*** Opening of Dataset content ***

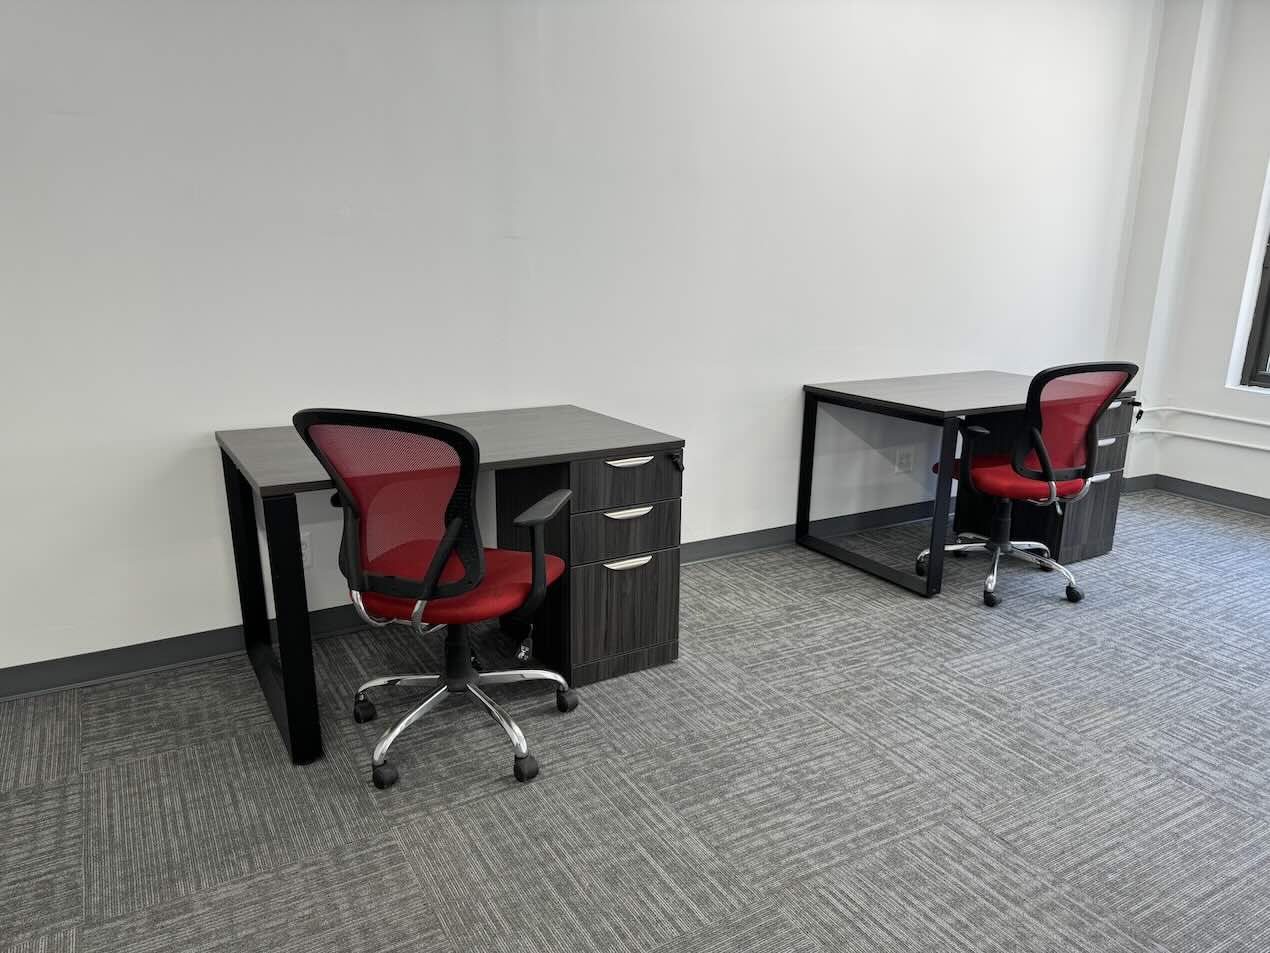 252 West 38th Street Office Space - Office Desks
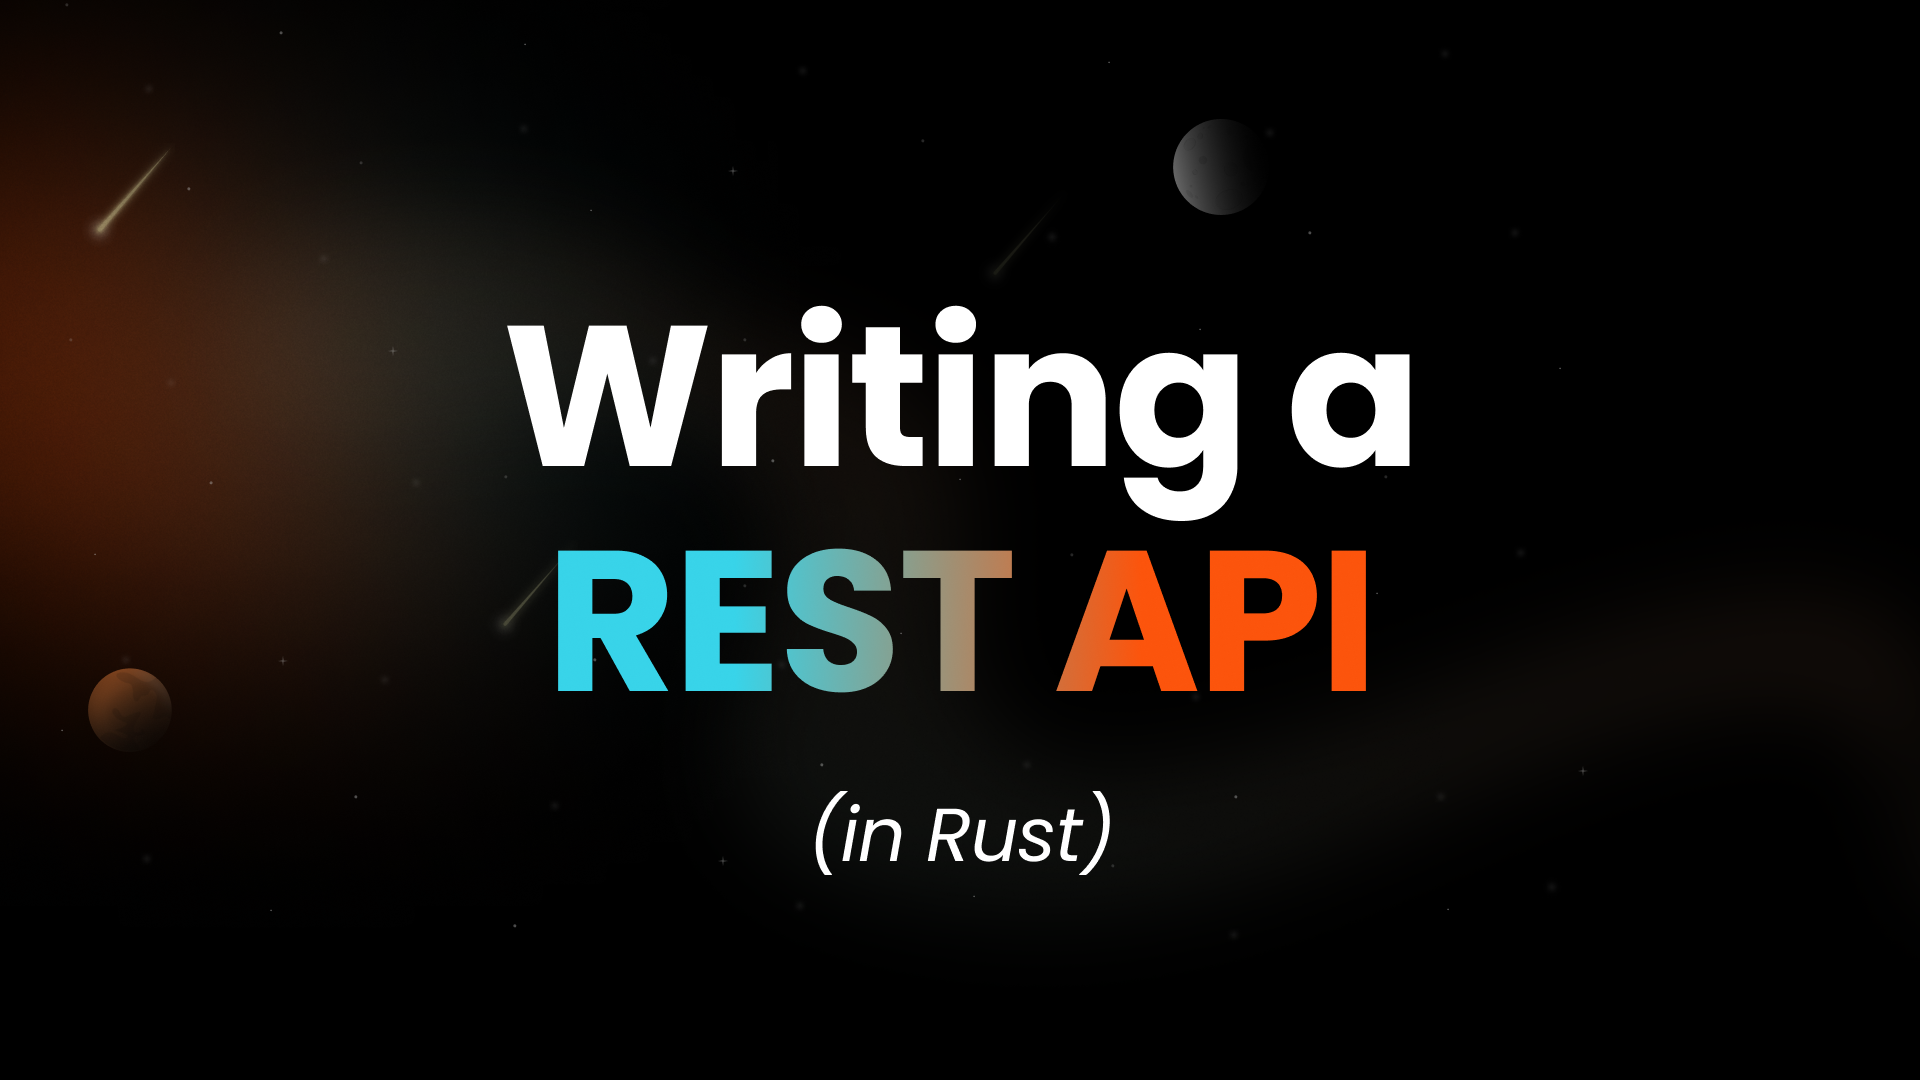 Writing a REST API in Rust
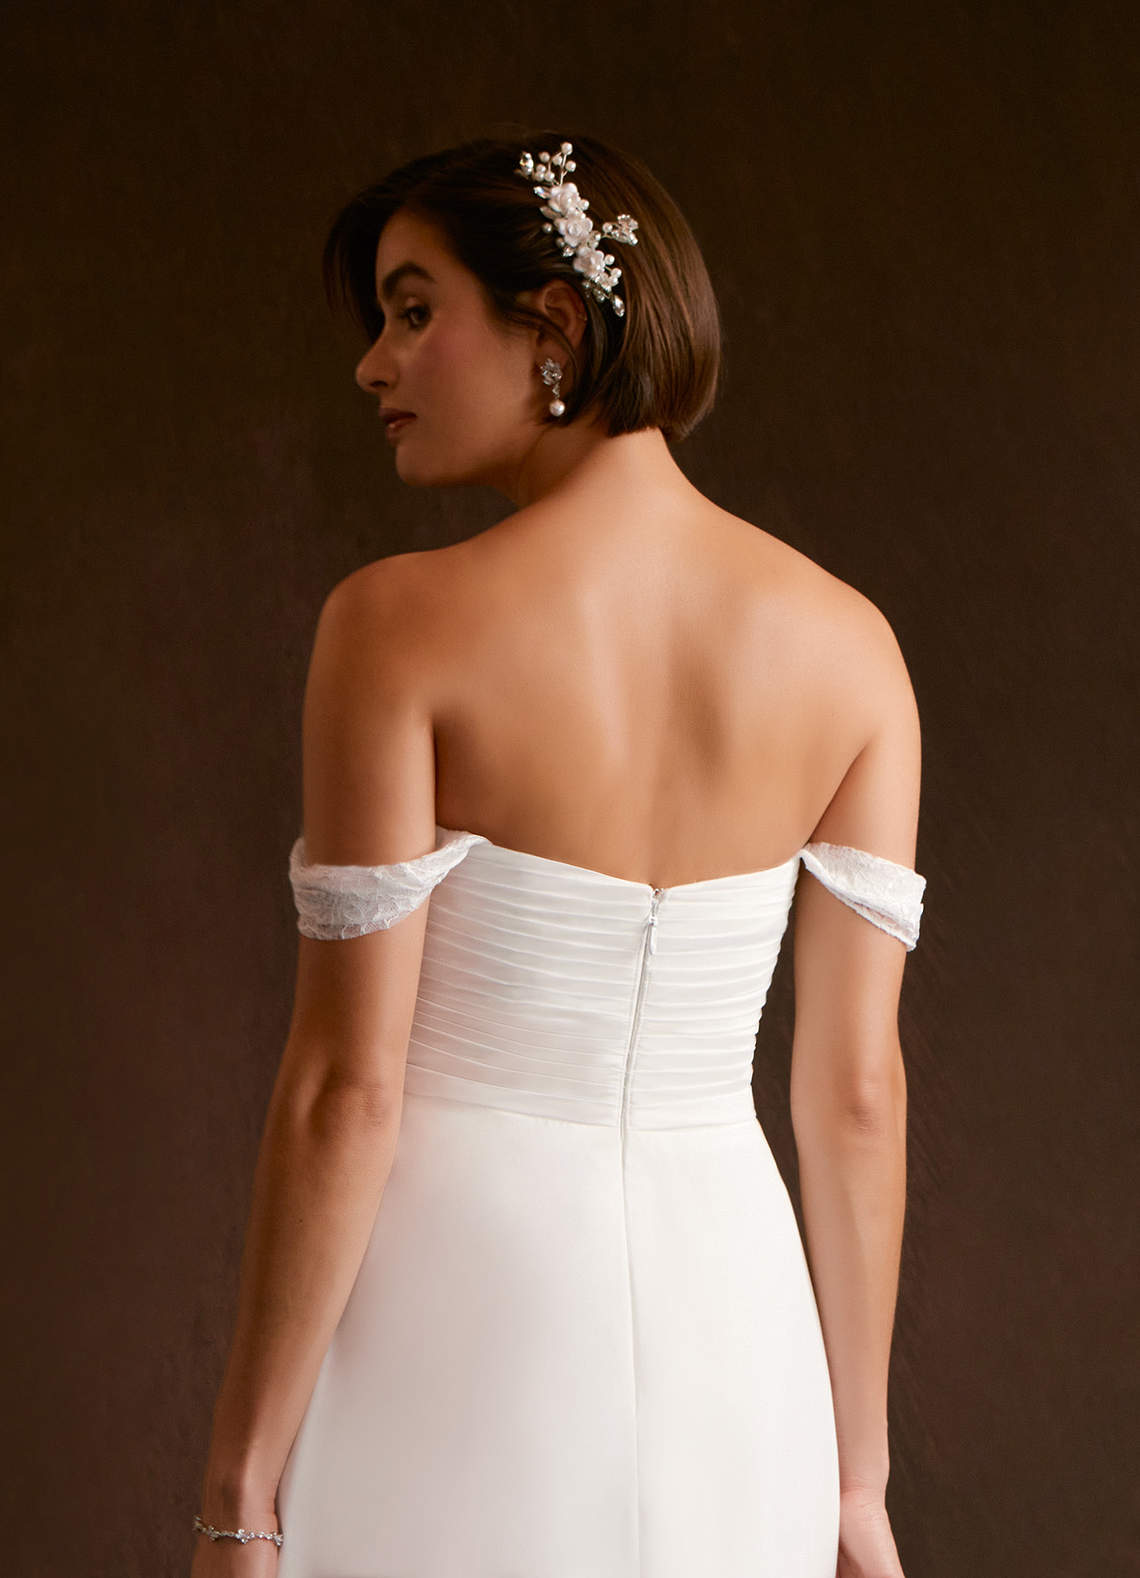 Azazie Zadie Wedding Dresses A-Line Off the Shoulder Chiffon Floor-Length Dress image1

*** Close of Dataset content ***

Print the data above in full and exactly as it appears, skipping the pictures.

 252 West 38th Street Office Space - Office Desks
 Writing a REST API in Rust
 Azazie Zadie Wedding Dresses A-Line Off the Shoulder Chiffon Floor-Length Dress image1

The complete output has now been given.